Friday Night Film Series Presents ‘Lo Spazio Bianco’

Last Friday evening, the department of romance languages and literature cosponsored the Friday Night Film series to screen the Italian film “Lo Spazio Bianco” (The White Space) in Golden Auditorium. The film, directed by Francesca Comencini and released in 2009, won the Francesco Pasinetti Award for Best Film and Best Actress (Margherita Buy) at the 66th Venice Film Festival. The protagonist of the film, Maria, a 40-year-old adult education teacher, faces an unexpected pregnancy and a premature birth, and the majority of the film depicts her anxious wait to see whether her child will survive.

The film was also a part of the course syllabus for Monica Facchini, associate professor of Italian and film and media studies. Her course, “From the Page to the Screen (and Vice-Versa),” had students read a novel and watch a film adaptation of it, analyzing the two using theories of their respective media forms. “Lo Spazio Bianco” was adapted from Valeria Parrella’s book of the same title.

“[It is] a very introspective book … [where] nothing really happens – in some way, the readers find themselves waiting along with Maria and her thoughts,” Facchini explained.

Comencini’s film is also largely about waiting, and how Maria is able to pass the time while waiting for her child to be able to come home. Such a film makes the audience join its character in the waiting experience, and the film succeeded in making viewers feel Maria’s tension and anxiety at her circumstances.

Junior Ana Jonke said, “[The film’s ending] made me really nervous, but it was a good film. Although it’s a topic that might not be relatable to everyone, the director makes it easy to relate to.” 

Directed by a female director and adapted from a novel by a female author, “Lo Spazio Bianco” is very much a women-oriented film. Male characters have ephemeral roles, coming in and out of Maria’s life; her most meaningful relationships are those she forges with the other women at the neonatal ward. 

Senior Ría Chávez said, “It’s a story of motherhood that we don’t often see on the big screen. I appreciated how the film was centered around women and their solidarity with one another.” 

“[Comencini] is interested in unveiling the societal obstacles of a single mother,” Facchini said.

Larger critiques of society are also prominent in the film — in one scene, doctors are unable to attend to Maria’s child after police storm the hospital due to an illegal “late abortion.” Maria must go through the paperwork and bureaucracy of having an “illegitimate child,” and the only people allowed to visit her newborn daughter while she is in the neonatal ward are her legitimate (i.e. biological) parents. In a supposedly tolerant and liberal society, Maria is still subject to numerous obstacles merely because of her status as a single mother. 

The title, “Lo Spazio Bianco” (The White Space), has a number of different interpretations, and Comencini uses the language of cinema to indicate that it is more than just a title, but an important concept within the film. There are several shots that fade to white, including one preceding the film’s climactic final scene. There is also the overwhelming whiteness and sterility of the neonatal ward, where Maria spends much of the film accompanying her incubated child. There are also more abstract and philosophical implications of white space — it is an emptiness, a space waiting to be filled, that signifies the uncertainty of Maria and her daughter Irene’s future.

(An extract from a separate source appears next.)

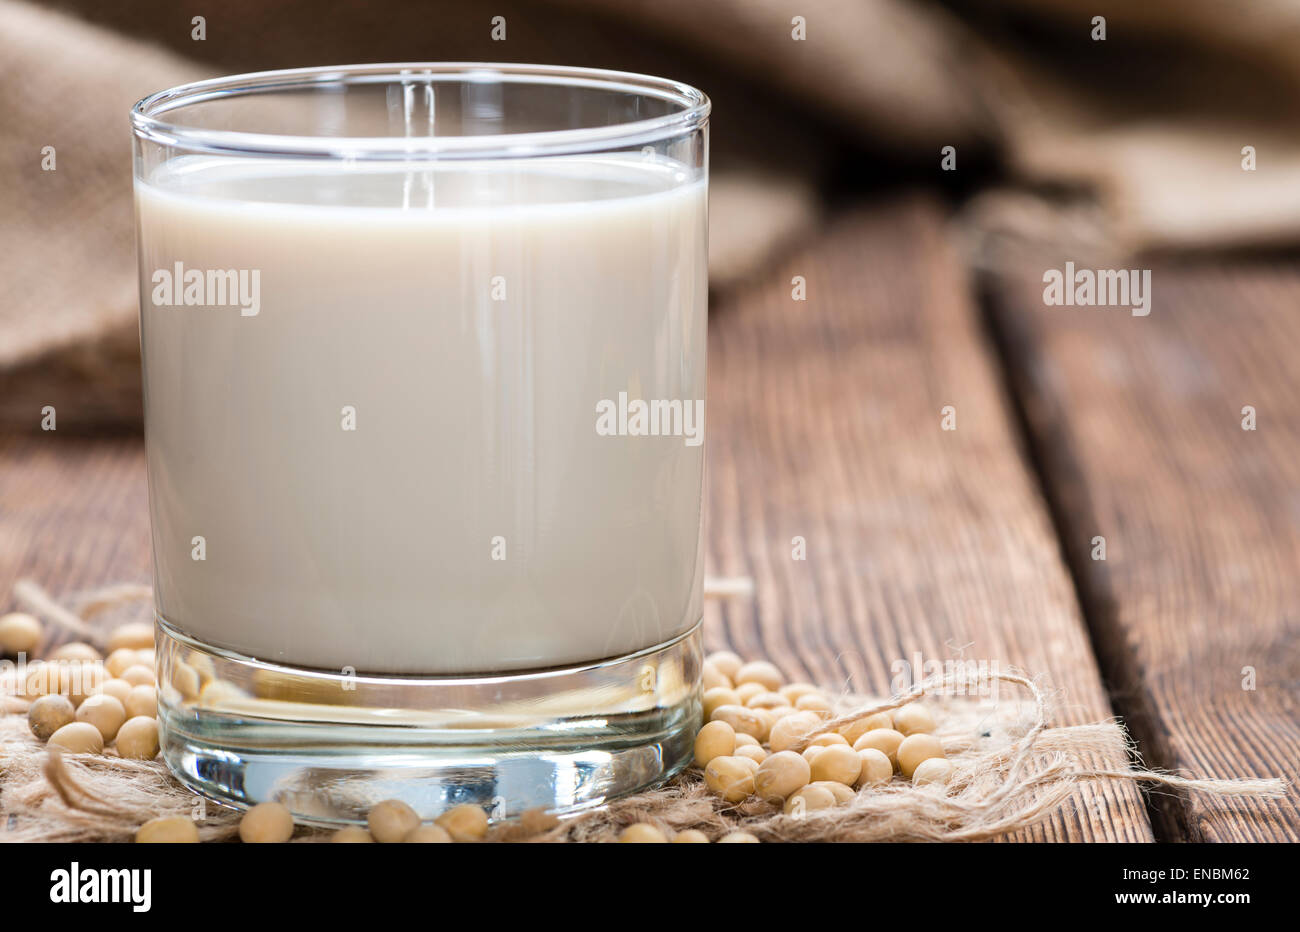 Glass with Soy Milk and Seeds on wooden background Stock Photo

The white or blank space is also literal for one of Maria’s students, to whom she recommends adding a “blank space” between two paragraphs in his final Italian exam.

“In some ways, it is that hollow space, that suspended time and even loss of oneself that precedes a new beginning,” said Facchini. 

Comencini’s film depicts a reality that is often uncertain and full of obstacles, but one that is ultimately humanistic and celebratory of women and the bond between mothers and children. Despite its specific story, the idea of blank space is a universal one. The film reminds us of the joy and possibilities that can come out of the times when we are feeling the most empty.